На самом деле, конечно, никаким особенно великим грешником Вантей не был, да и с чего бы ему? Людей не убивал, не грабил лесом, а если когда чего и утырит, так ведь без этого жизни беспризорной и не бывает. День на день не приходится – другой раз наешься от пуза, а на следующий день живот волком воет. Как тут не украсть, это даже милиция в особый грех не ставит, а уж апостол Петр, который врата рая охраняет, – и подавно. Если, например, подкатиться к нему мелким бесом, заныть, заскулить: «дяденька, пустите, дяденька, не виноват, вот истинный крест, больше не буду», то даже, наверное, и товарищ апостол пропустит в Царствие небесное. То есть, конечно, пинка под зад даст, разными нехорошими словами покроет, но все ж таки пустит, а это для их беспризорного племени главное: что ни говори, а жарить задницу на адской сковородке – дело малоинтересное и не сильно приятное.
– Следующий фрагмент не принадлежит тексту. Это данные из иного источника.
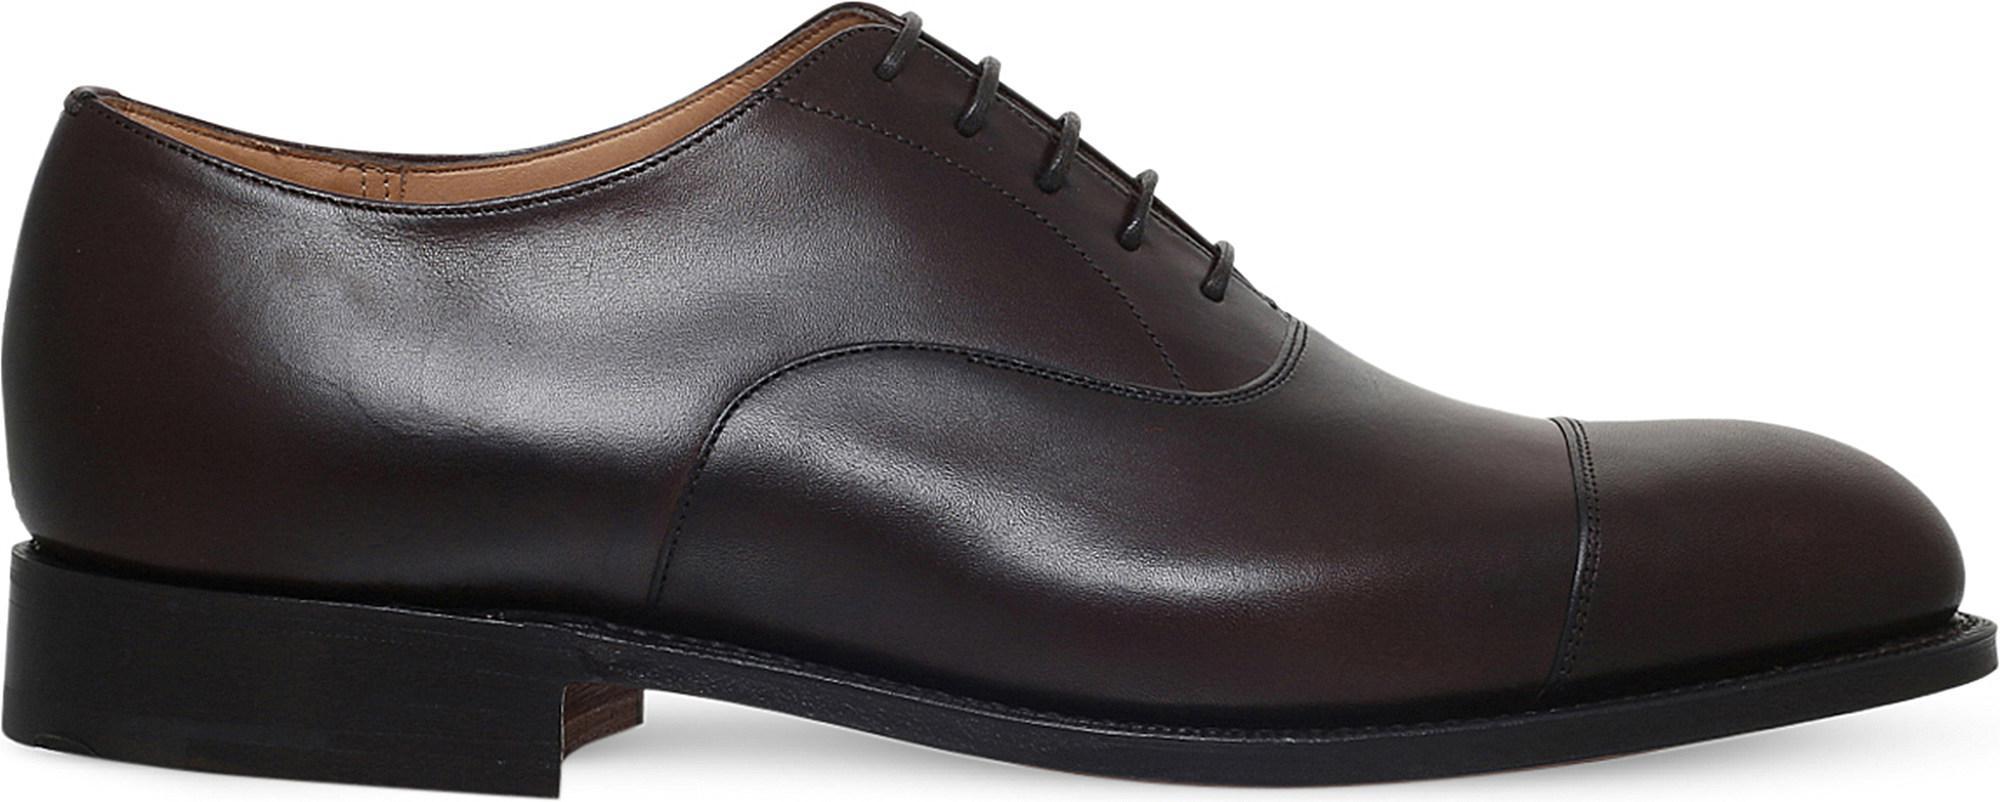 Church S Shoes Masterclass

Так или иначе, помер-таки Вантей, отошел к своим беспризорным предкам. А от Вантея по наследству к Митьке перешли его санки – крепкие, добротные, как лебеди белые скользят и по снегу, и по льду, и даже по замерзшему грунту. Но санки эти не сами по себе, не затем, чтобы, как до революции было, съезжать на них со снежной горы. Санки эти, как сказал бы Карл Маркс, есть ни что иное, как средство производства, отчужденное в пользу беспризорного пролетариата. На этом самом средстве Митька возил с вокзала багаж пассажиров – тем и жил, тем и питался последнее время. Не райский, конечно, рацион и даже не усиленный паек, но перебиваться кое-как можно. Но, видно, чертям в аду тошно было смотреть на его благополучие и они послали на землю Кудрю. А тот со своими пацанами всю местную ватагу разогнал, сам же после этого сел на вокзале царствовать, вершить суд и расправу.
С Кудрей воевать оказалось трудно – он уже не оголец был, не шкет и не пацан, а без пяти минут взрослый босяк. Горбатый, со злобной рыжей щетиной в поллица, ростом даже пониже Митьки будет, но клешни как у краба: схватит – не выпустит, шею, как тростинку, переломит. И это уже не говоря про шпану его, которая вьется вокруг, словно они мухи, а им тут медом намазано. Хотя какой там, извините, мед: субстанция, из которой Кудря слеплен, совсем иначе зовется – так, что в приличном обществе и не выговоришь.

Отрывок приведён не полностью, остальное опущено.